Дарья оборотилась к вошедшей:

   – Что тебе?

   – Карета... За Их высочеством... как Их высочество изволили приказать...

   – Я передумала нынче ехать домой, – сказала цесаревна вошедшей девке, оживляясь несколько. – Пусть уезжает карета, сегодня я здесь ночую, – и по-французски своей собеседнице: – Ты согласна?

   – Дорогая моя!.. А ты ступай. – Это уже относилось к служанке...

Но как попала Дашенька, южное растение, в холодную Москву? Да совсем просто. Ещё при Алексее Михайловиче картлийский (или, как на Руси говаривали, «грузининский») царь Вахтанг попросился в русское подданство вместе со своими землями-владениями и народом. Тогда же был отослан в Москву с большою свитой и многими приближёнными царевич Арчил Вахтангович в знак верности своего отца, нового русского подданника. Даны были ему волжские земли «в кормление». Вот от него и его спутников пошли грузинские роды на русской службе...

В этом доме Наташе нравилась особо приготовленная пища, приправленная какими-то неведомыми ей травами, и вкусное сладкое вино. А ещё нравилось вместе с Дашенькой разбирать сундуки её бабок и прабабок, вынимать и разглядывать диковинные драгоценные восточные, южные уборы...

Задушевная беседа продолжилась опять же по-французски.

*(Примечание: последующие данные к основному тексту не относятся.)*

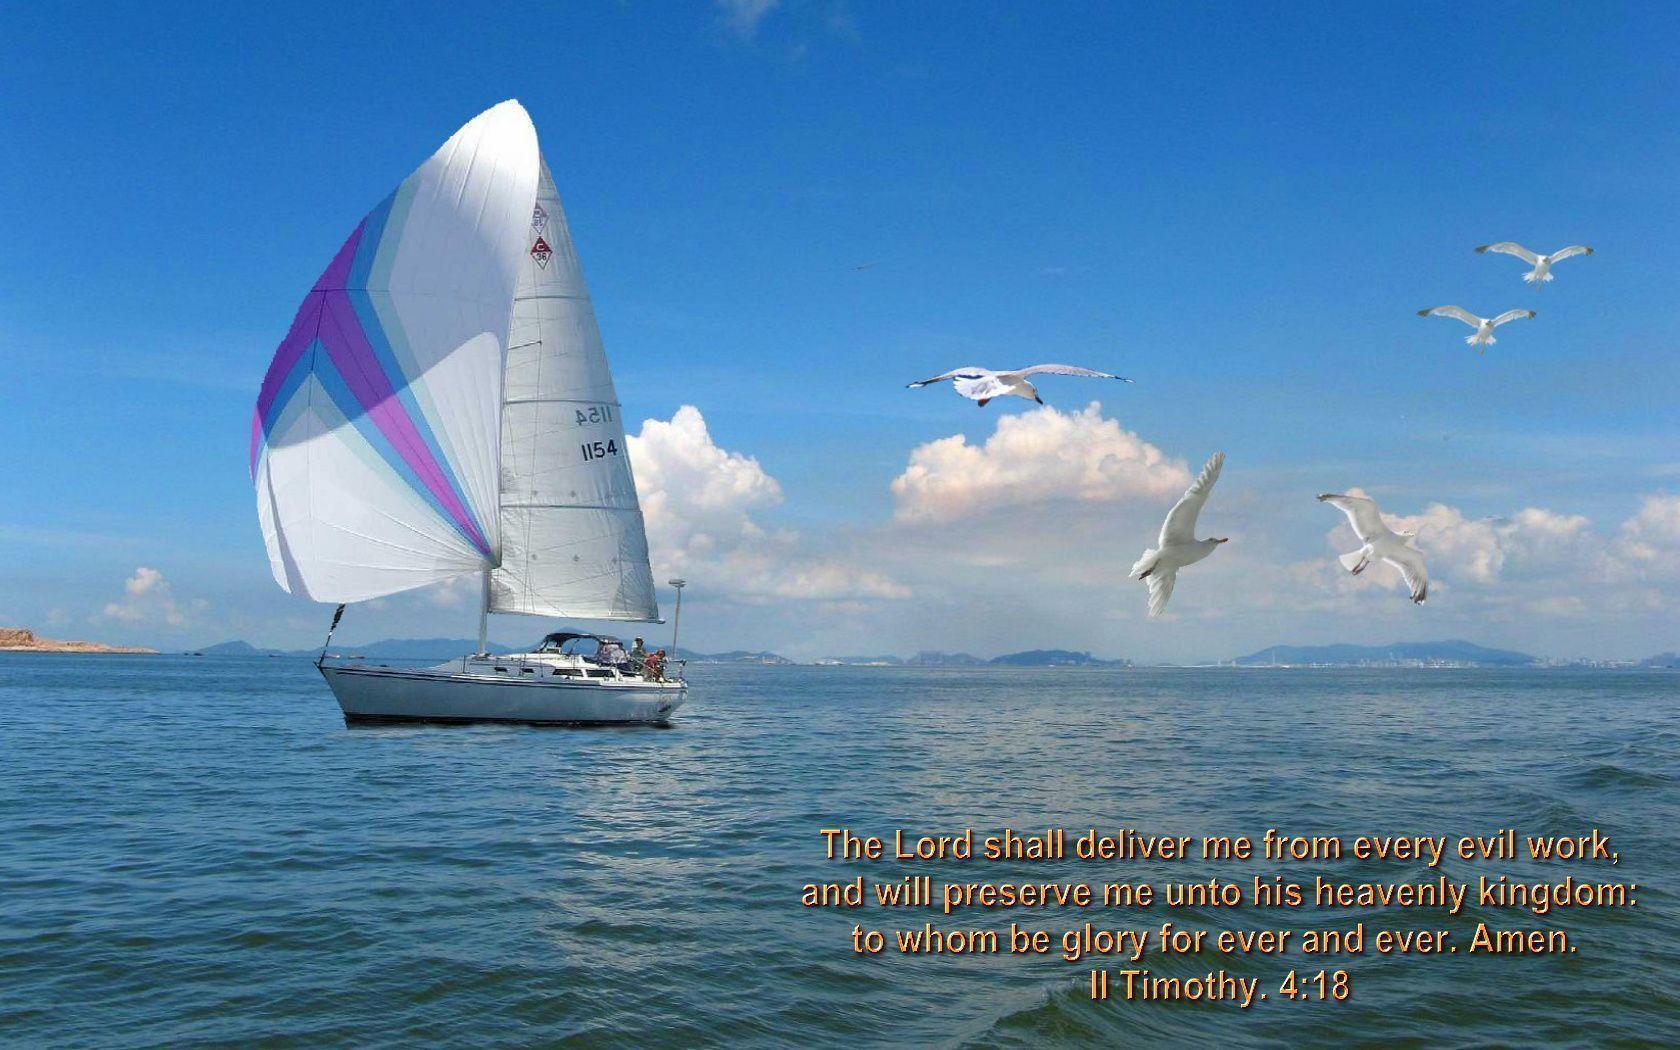 Bible verses sailing wallpaper « Christian Wallpaper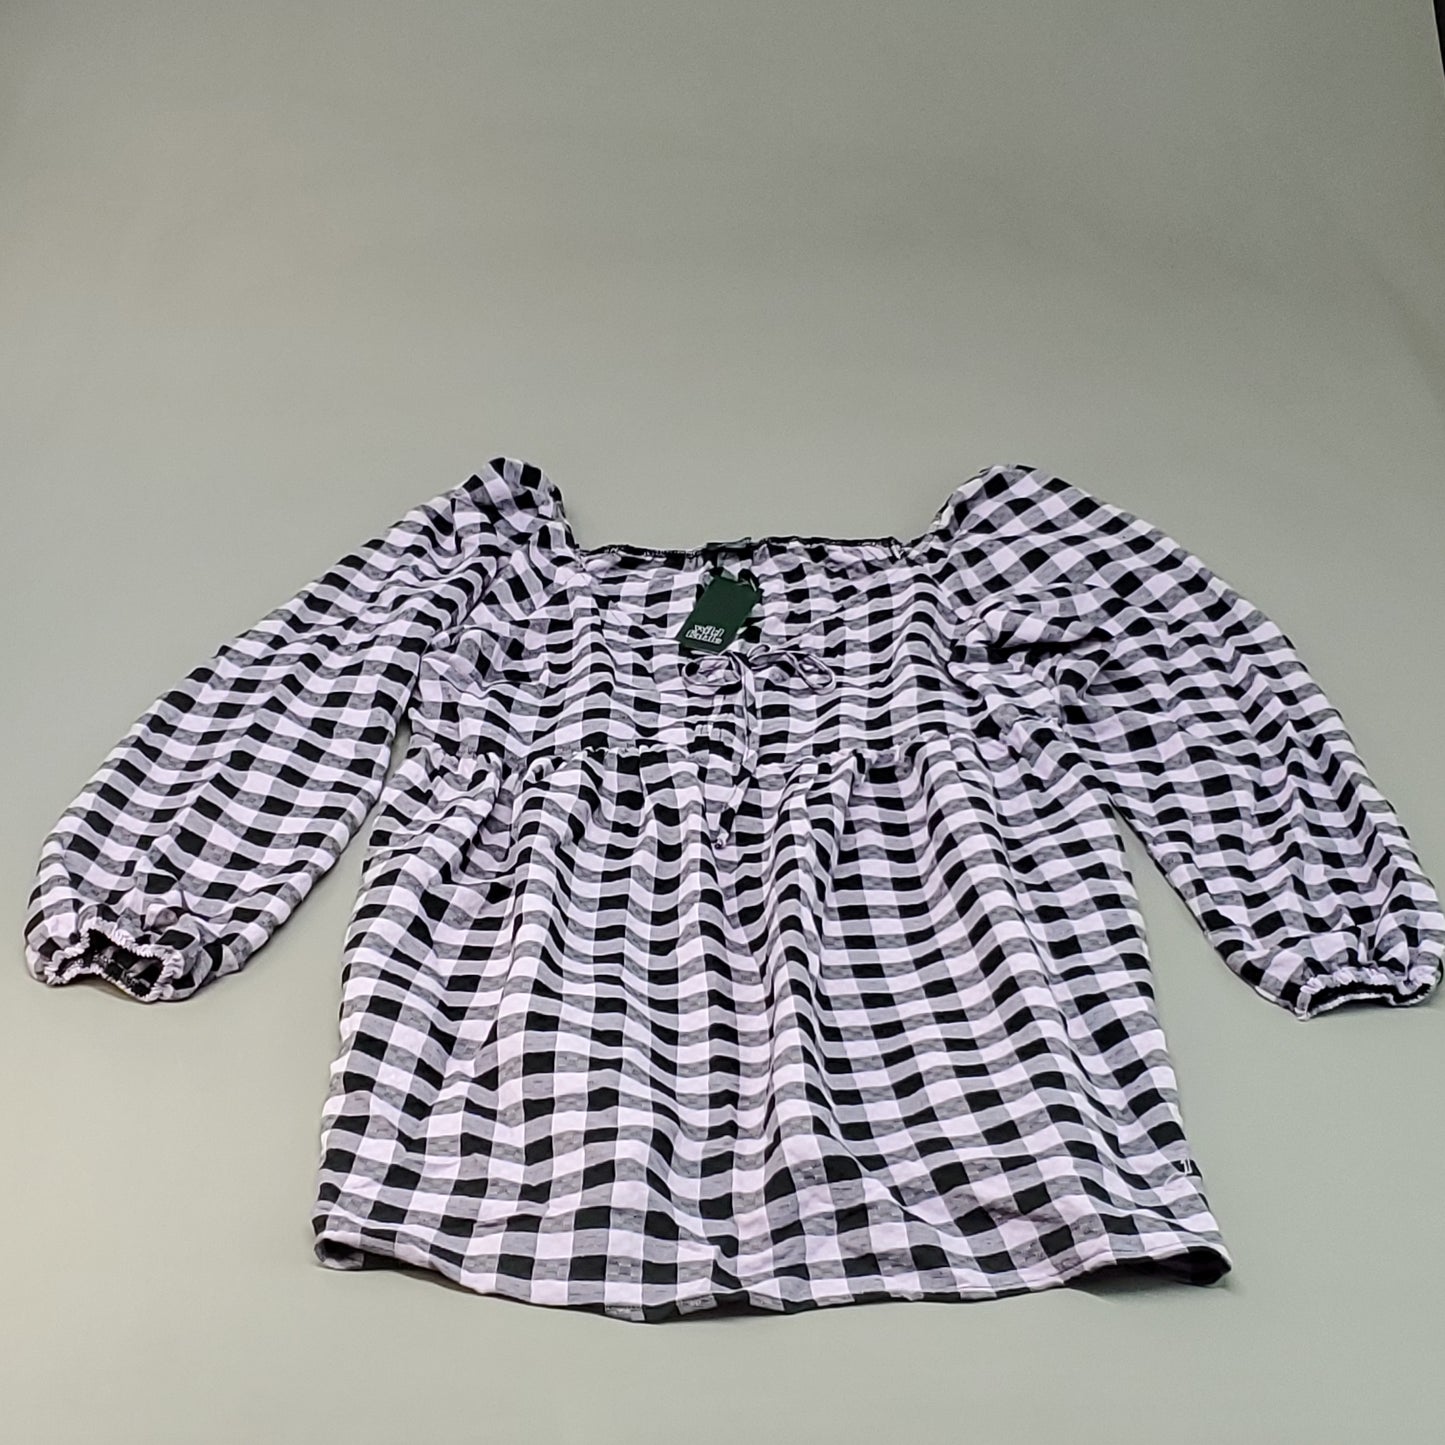 WILD FABLE Women's Amethyst Checkered Dress Sz XL Black/Pink 331 08 6996 (New)

   – Значит, Катенька тебе видится алмазным цветком... Предположим! А я?

   – Ты? Ты роза, ещё не до конца распустившая лепестки, махровая чайная роза...

   – Ты льстишь мне...

   – Если желаешь знать, я всего лишь повторила слова другого человека...

   – Другого человека? Кого-нибудь из Долгоруковых? Нет, прошу тебя, не надо! Я рассержусь! О! Весь этот разврат придворный... Но знай, меня они в это не втянут. И я лучше уйду в монастырь, лучше зачахну в самых дальних покоях в посте и молитвах, но женою этого ужасного Ивана я не буду!

   – Какие подозрения, Натали! Откуда? Я могу так легко рассеять твои страхи. Если бы я знала, что у тебя на душе, я бы давным-давно успокоила тебя.

   – Это и сейчас не поздно сделать. – Цесаревна ещё посерьёзнела.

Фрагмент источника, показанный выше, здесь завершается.